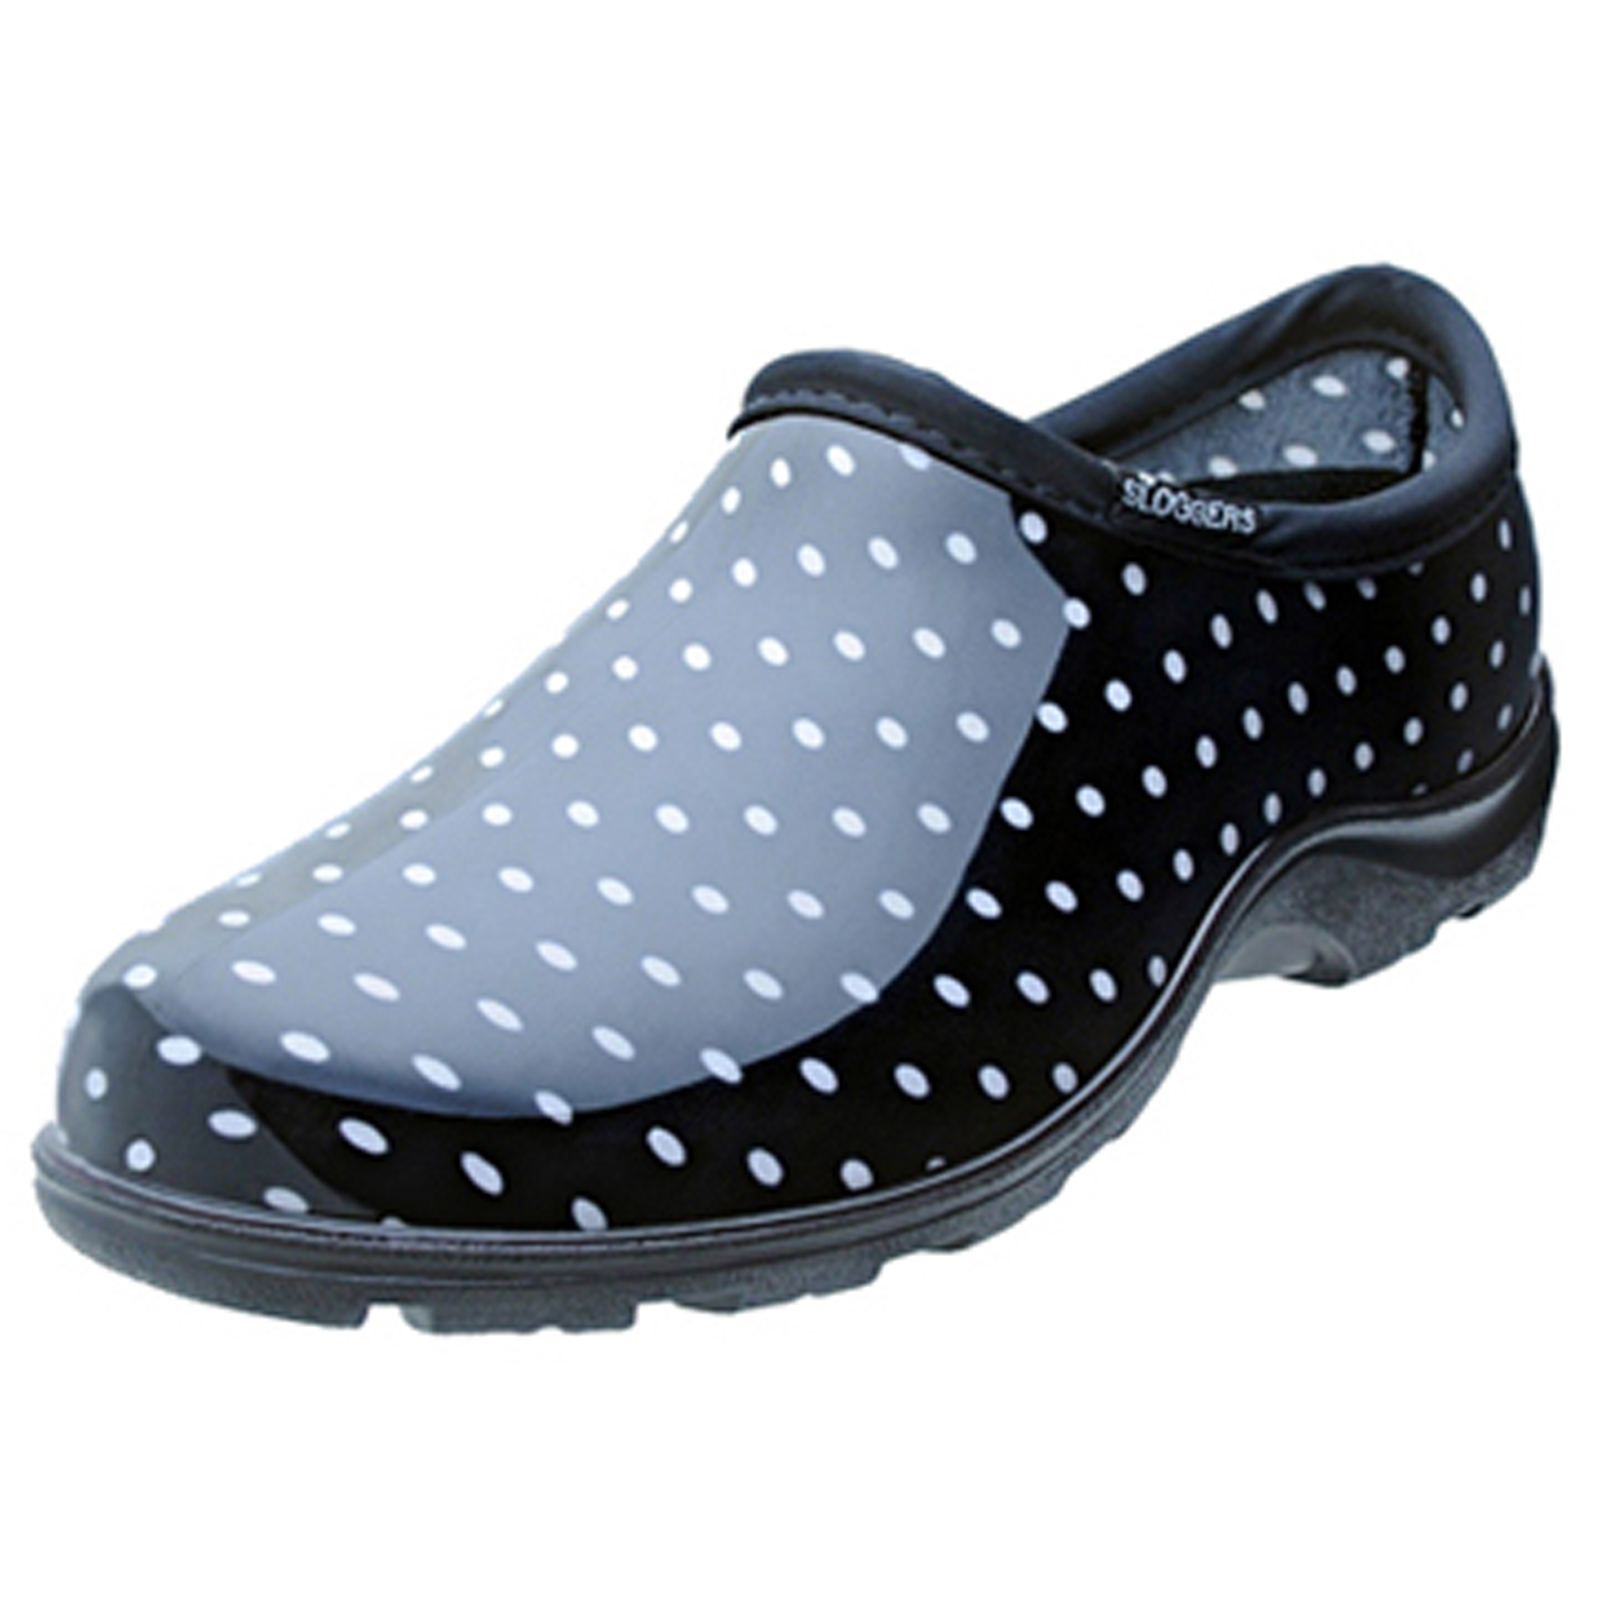 Principle Plastics PPL5113BP07 Sloggers Black & White Polka Dot Shoes, Women&#8217;s Size 7
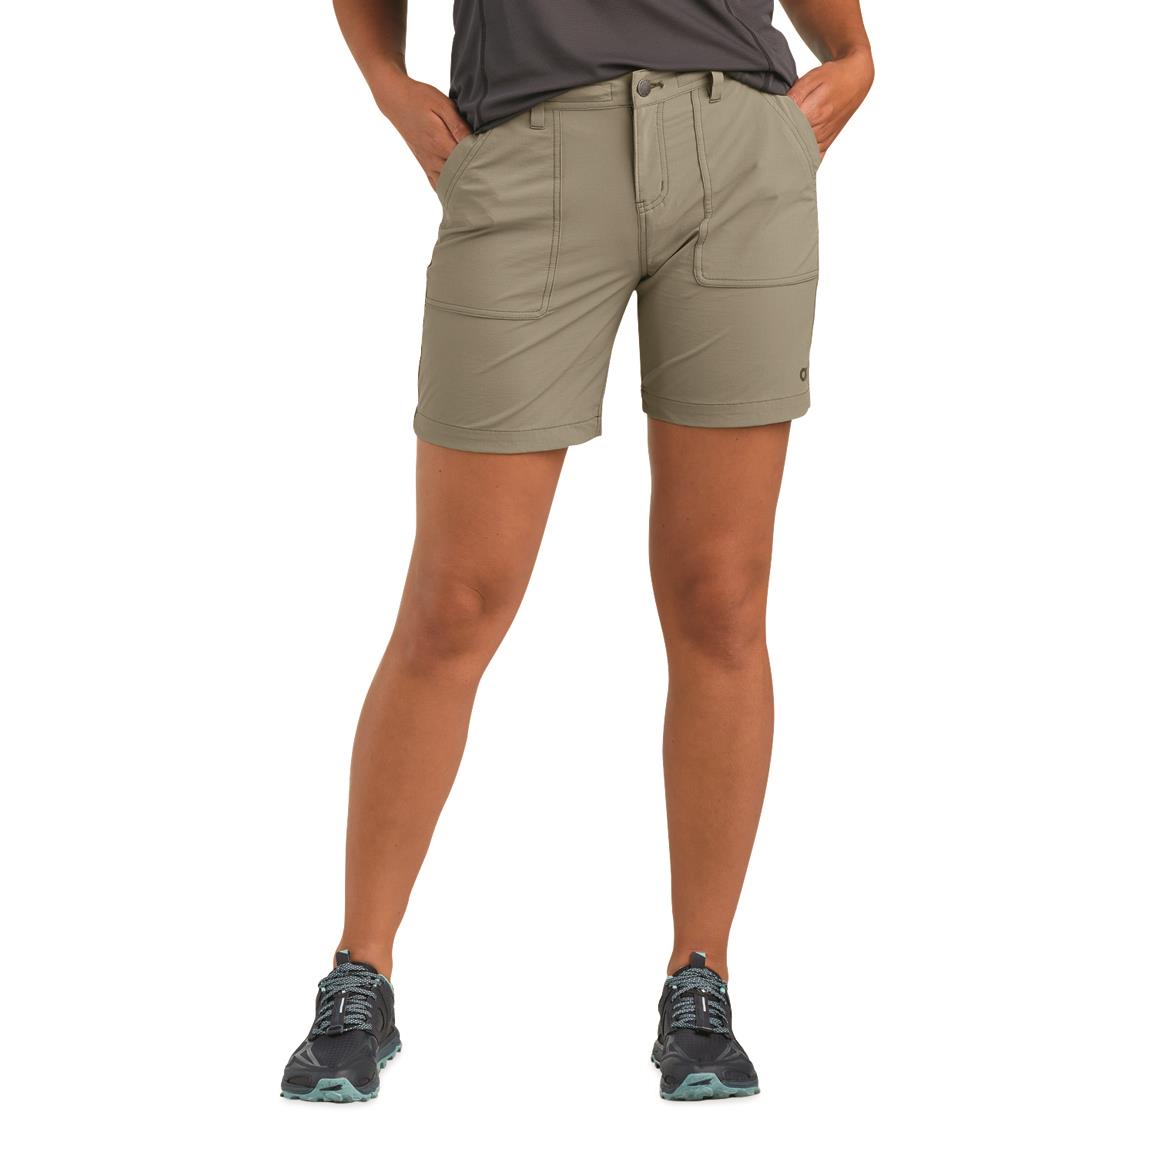 Outdoor Research Women's Ferrosi Shorts, 7" Inseam, Flint
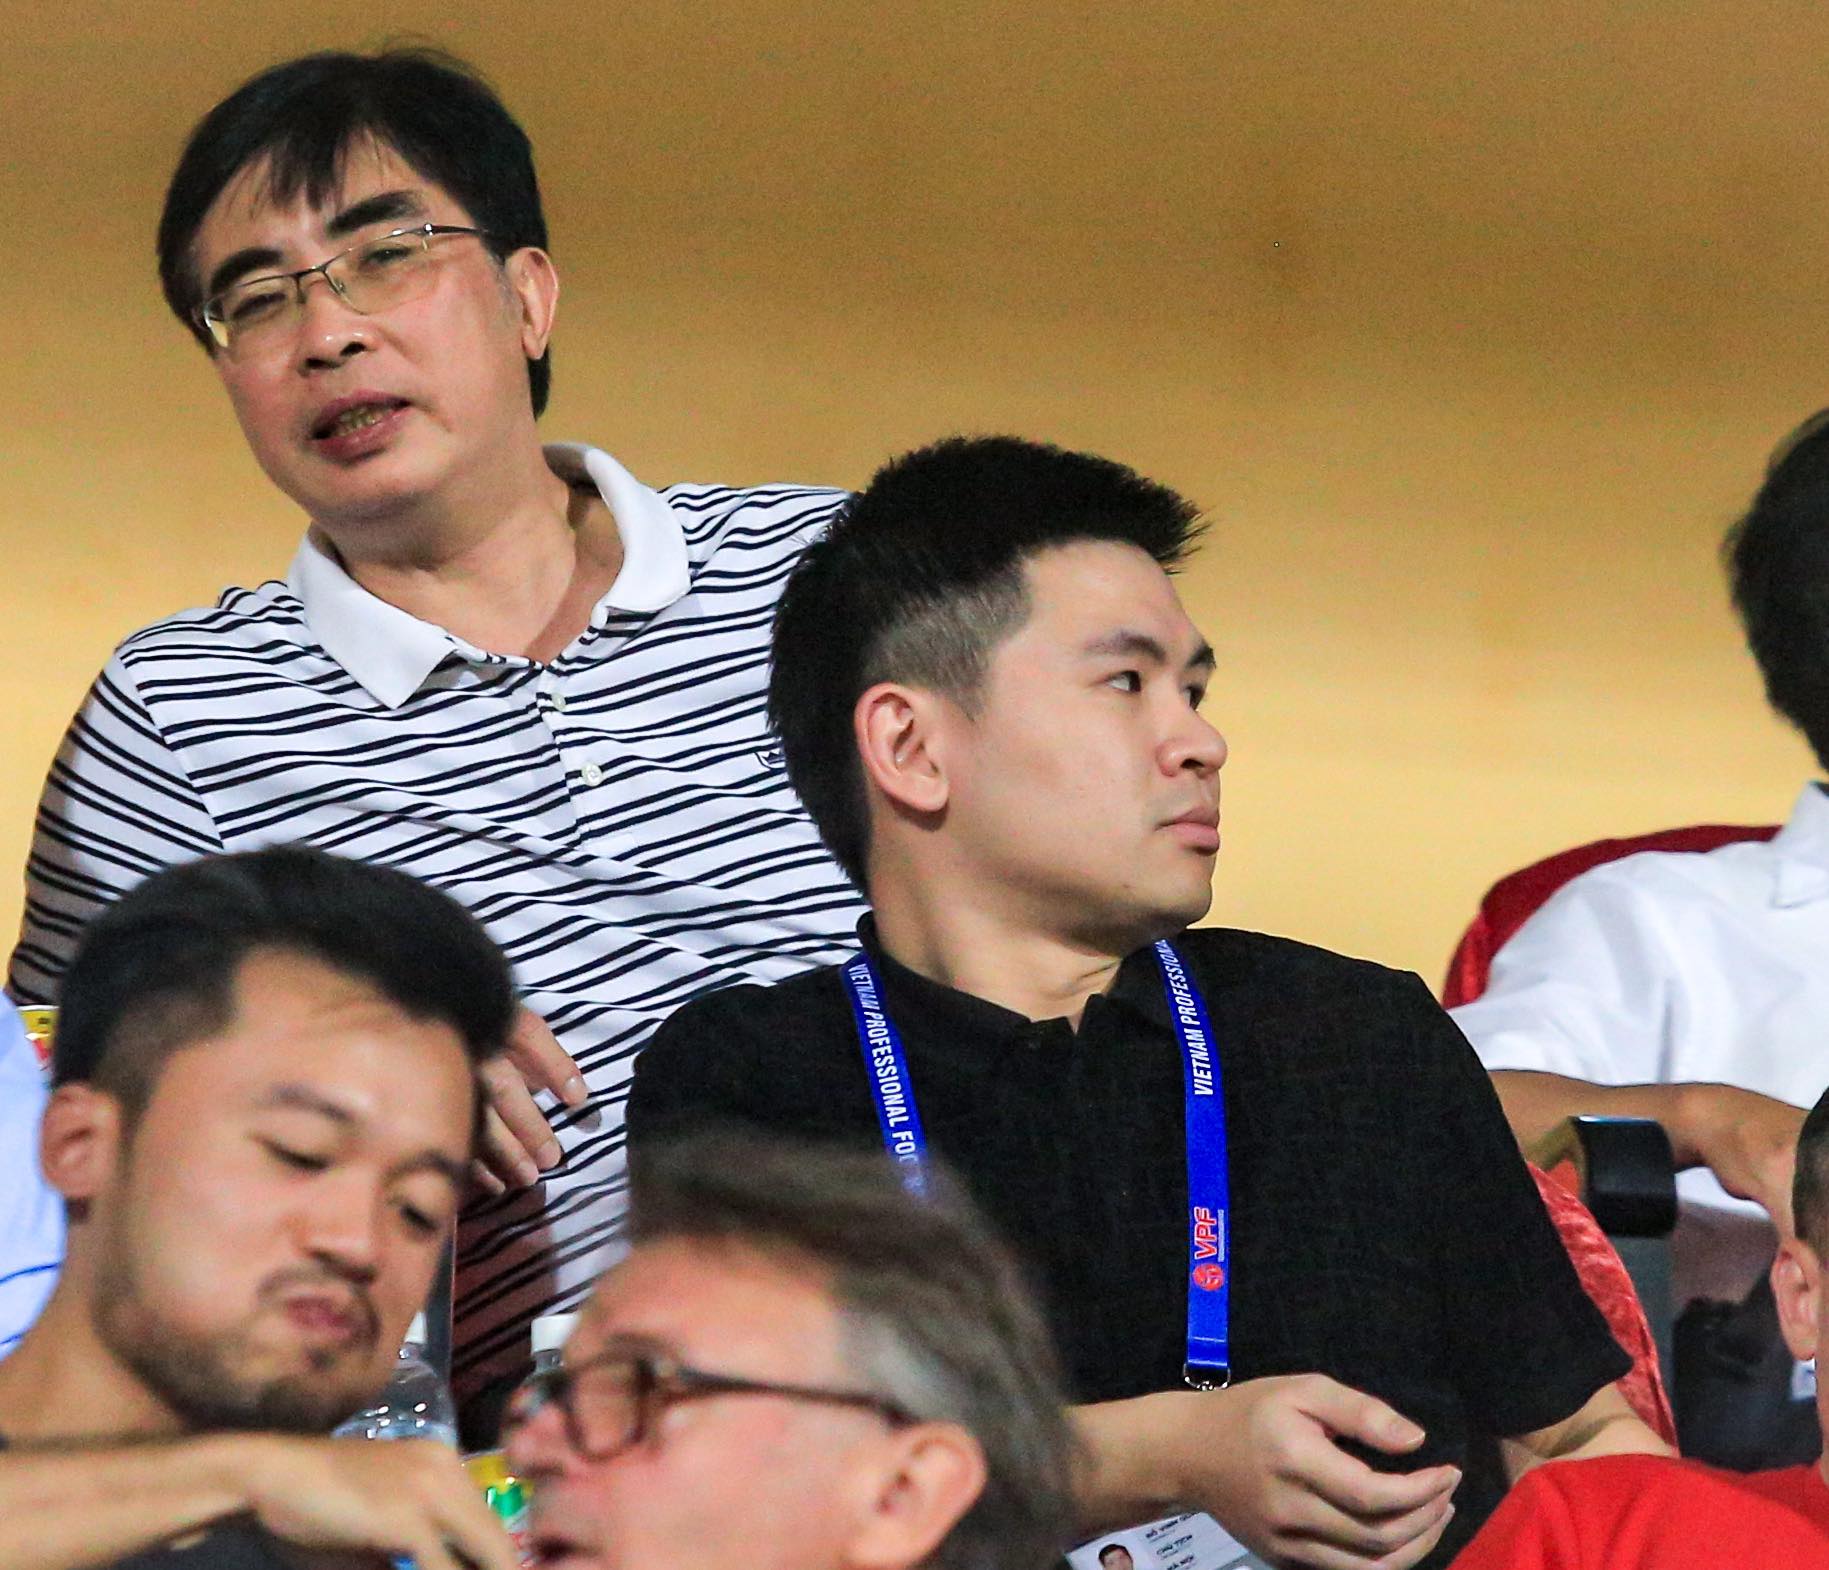 Chủ tịch CLB Hà Nội đi siêu xe 15 tỷ đến SVĐ, cùng bố hoa hậu Đỗ Mỹ Linh ngồi xem bóng đá

> [What to produce]: Copy out the data exactly and keep the pictures out.

> [Solution to this problem]:
 Principle Plastics PPL5113BP07 Sloggers Black & White Polka Dot Shoes, Women&#8217;s Size 7
 Outdoor Research Women's Ferrosi Shorts, 7" Inseam, Flint
 Chủ tịch CLB Hà Nội đi siêu xe 15 tỷ đến SVĐ, cùng bố hoa hậu Đỗ Mỹ Linh ngồi xem bóng đá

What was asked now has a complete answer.